Kalanick’s Out & Online Activism Recenters on Corporations
Travis Kalanick is out at Uber, and Farhad Manjoo ties it to the interplay between social media, brand identity and social/political activism. A great read:
But the effects of these campaigns go beyond business. In a nation where politics have grown pitched and sclerotic…www.nytimes.com
Four things I’m thinking about:
- A forward CEO brand can poison a company or inoculate it. Kalanick was a negative brand for Uber, taking the focus off of what what makes Uber useful — its convenience. Contrast this with a guy like Mark Zuckerberg whose company apologizes every week for something detestable Facebook let happen, but is out there talking about connecting the world and having photoshoots with normal people.
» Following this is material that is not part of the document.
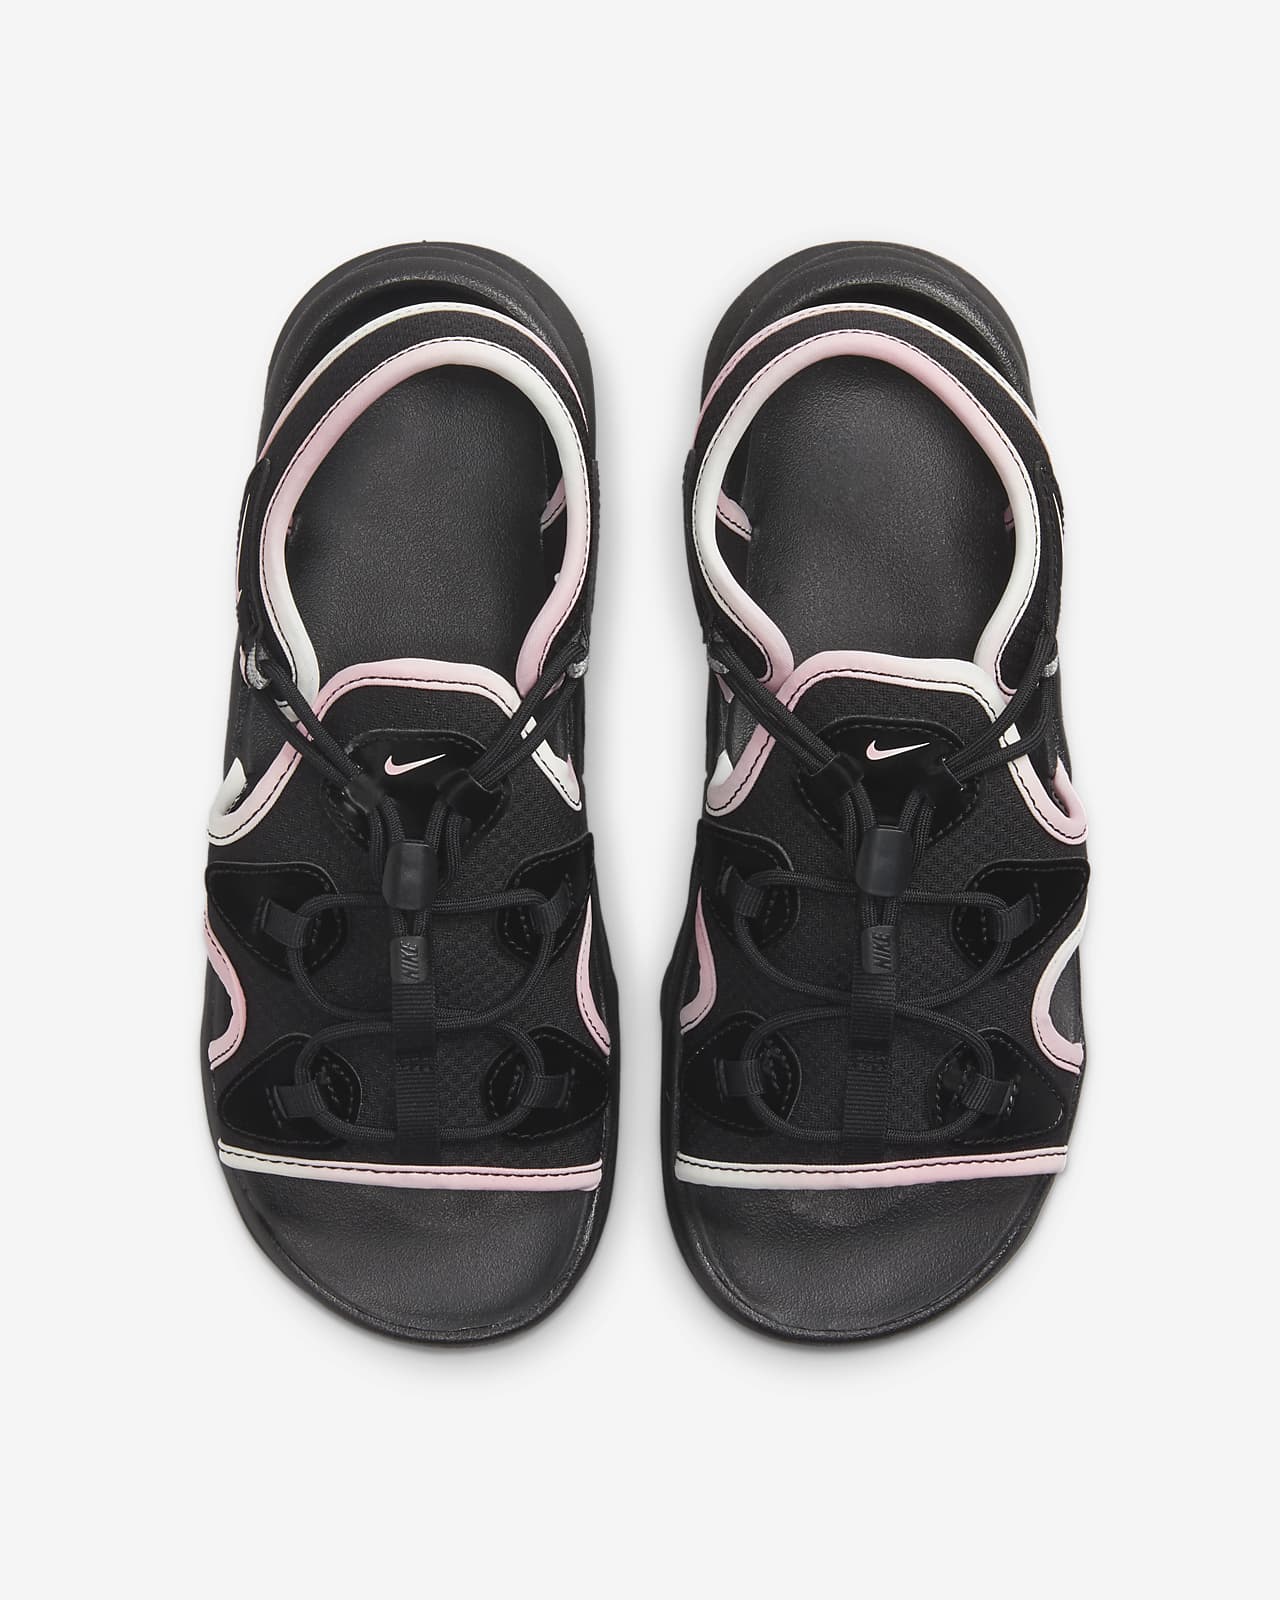 Nike Air Max Koko Women's Sandal

- Companies have more power than Farhad lets on. Manjoo says there’s been a major loss of power for companies now that social media has become paramount to TV advertising. The power’s not totally in the public’s hands, though, the levers have just shifted. Advertising isn’t a panacea anymore, but celebrity has become more effective. Kalanick is a negative example that shows how companies can regain the traditional marketing power that’s been lost by cultivating and controlling celebrity in CEOs and executives.
- Important takeaway:
In a nation where politics have grown pitched and sclerotic, fighting brands online suddenly feels like the most effective political action many of us can take. Posting a hashtag — #deleteUber, for instance, or #grabyourwallet — and threatening to back it up by withholding dollars can bring about a much quicker, more visible change in the world than, say, calling your representative.
I like this lens and it rings true. As company brands become more accessible and politics more sclerotic, people are adapting to affect more change through corporate pressure. Or what ‘feels like’ change.
4. Sclerotic means rigid and unresponsive, I just learned.